As I watch the Democratic, pre Presidential, campaign I realize how little I trust both Hillary, and Obama. Obama especially. This is in part because he refuses to lay out specifics for anything. Also, because I don't trust his rapid rise to prominence. I look at a piece of legislation he sponsored, to limit greenhouse gas emissions and see a classic example of greenwashing. It is a toothless bill, co sponsored by “Joementum” Lieberman. To me Obama is the Energy and Agribusiness candidate. A stealth version to be sure, but in reality just W in sheep’s clothing.

On the Republican side, I wonder why the GOP can’t do better. Why can’t they get beyond the extreme conservatism that has gotten us into the mess we are in? Being from Kirtland, Ohio I have little worry about Romney’s religion. That is a red herring from my perspective, and he is the least scary of the GOP candidates. But why can’t someone who would be a darn good President, someone like former New Jersey Governor Whitman, succeed on a national level? We know the answer. The extremists still control the GOP, and will continue to hang on in spite of multiple failures. This is a good thing.

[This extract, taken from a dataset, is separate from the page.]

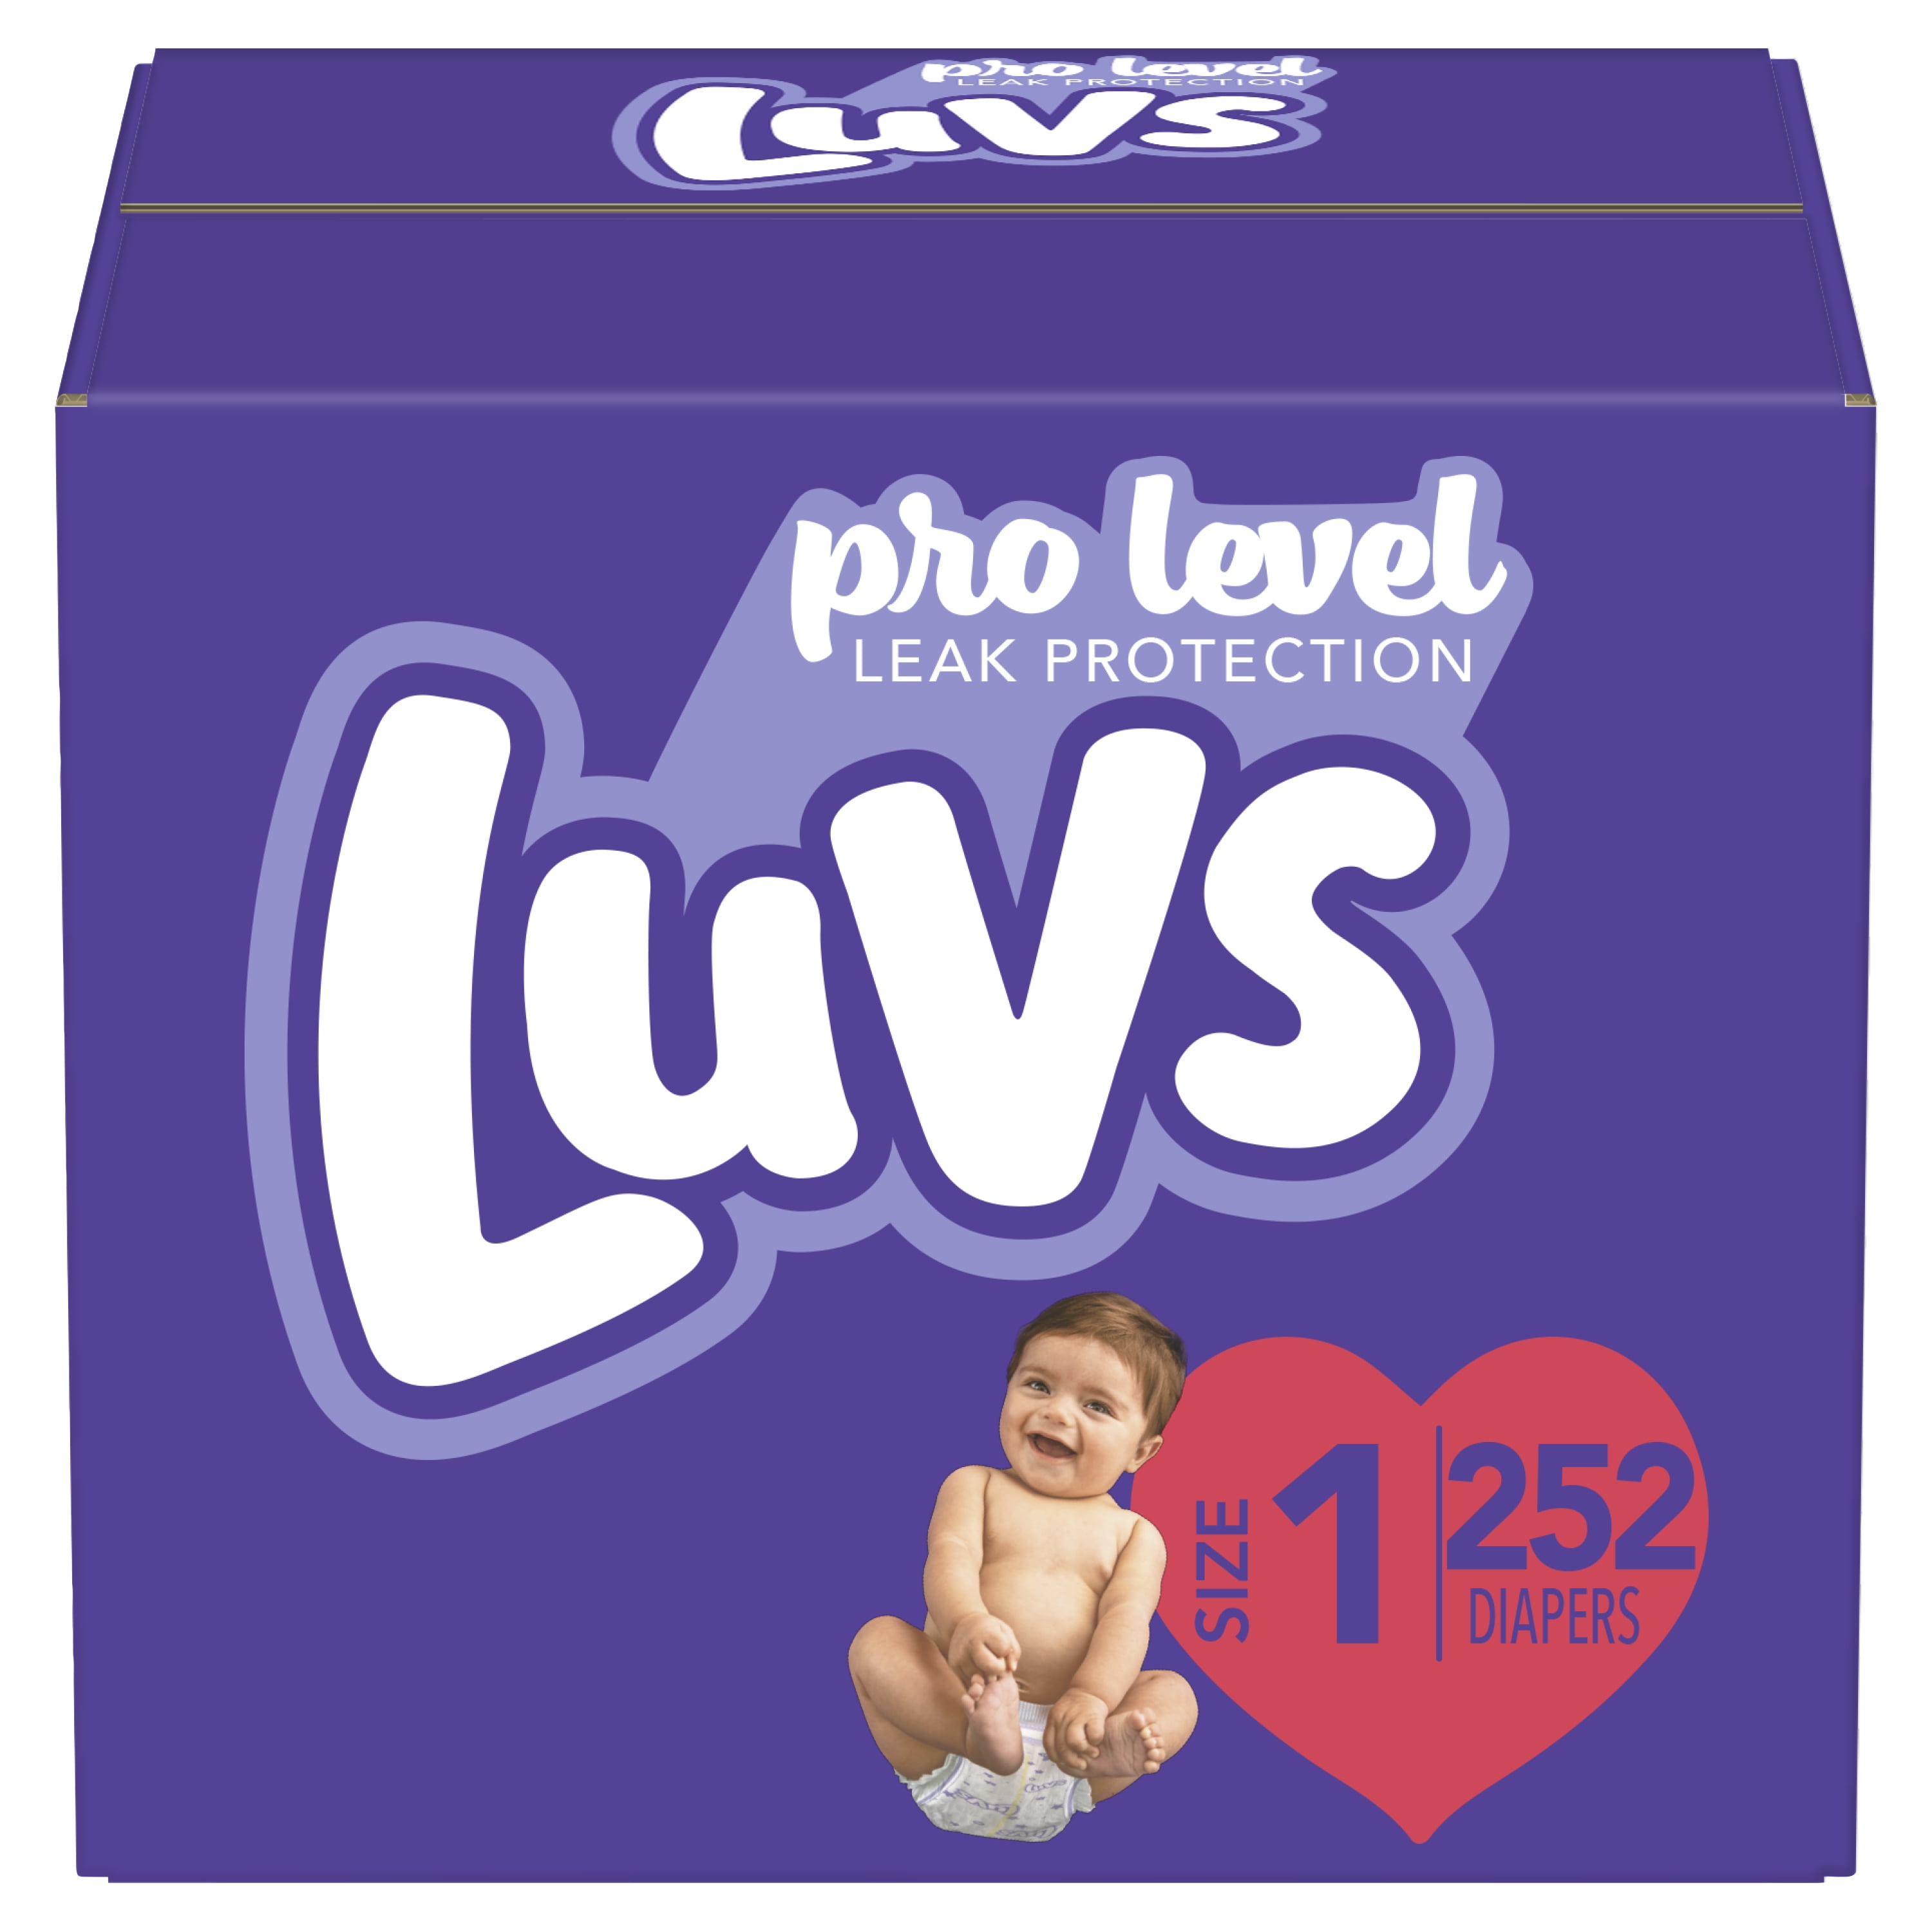 Helder op Ontkennen Piraat Luvs Pro Level Leak Protection Diapers, Size 1, 252 Count - Walmart.com

A few posts ago I wondered about what caused the tipping point in the attitudes of the elites toward global warming? I see Citicorp is going to invest $70 billion in green technology. This follows a plan by Bank of America to invest $20 billion announced in March. Two years ago this was all so inconclusive. A hoax designed to ruin the American economy. While I am glad to see the change. A tin foil hat wearing nut like me, always likes to ask why? 5 times.

A little math to put things in perspective: Price of a Honda hybrid, well equipped, $25K or 2.5 x10^4. Number of passenger vehicles sold in North America every year, about 17 million, or 1.7x10^7. Cost to convert the entire vehicle fleet to hybrid technology for 1 year =4.25 x 10^11 or $425 billion. Wait! That doesn't make sense… How much have we spent on the war in Iraq? The current estimate is a mere $424 billion. In other words, for what we have spent on the war in Iraq we could have given a hybrid car to every American who purchased a vehicle last year. To quote a song by an old punk band: “I’m not crazy…You’re the one who’s crazy…” Oh well, I have to inspect my funny hat to make sure there are no holes in it.

Friday, April 27, 2007

They are Winning but We Have Not Lost

From the NY Times Review of “At the Center of the Storm,” By former DCI, George Tenet:

"Mr. Tenet expresses puzzlement that, since 2001, Al Qaeda has not sent “suicide bombers to cause chaos in a half-dozen American shopping malls on any given day.” …“I do know one thing in my gut, Al Qaeda is here and waiting.”"

Yes sir, but your gut has proven to be completely and utterly unreliable. It is not worthy of our trust or consideration.

To a tin foil hat wearing nut like me, the terrorists have no need to attack our shopping malls. No need to disable the electrical grid. Although these acts could be easily carried out, they would do nothing that would further their overall strategy and might in fact, hurt their overall strategy. The targets on 9/11 were carefully chosen. The center of market capitalism and the executive branch of our government. These were symbolic targets. The symbolism being these were the perceived sources of the injustices at the root cause of terrorism.

In fact there is another reason not to attack shopping malls or infrastructure. The terrorists are already winning and the current course and policy is their most able ally:

  1. We are slogging though a quagmire in Iraq costing us billions of dollars and thousands of lives, not to mentioned those injured and maimed. Both our own solders, and innocents who are caught in the way
  2. We have lost all credibility and are no longer trusted in the community of nations. As a result our power is greatly diminished.
  3. We have abused and broken our military. Von Clausewitz said the most effective military force is the one held in reserve, and we have no reserve.
  4. We have lost the rule of law at home. We have rule by caveat, and signing statement. Not legislation. Our system of justice, once a beacon to the world, is now cited as an example of our hypocrisy.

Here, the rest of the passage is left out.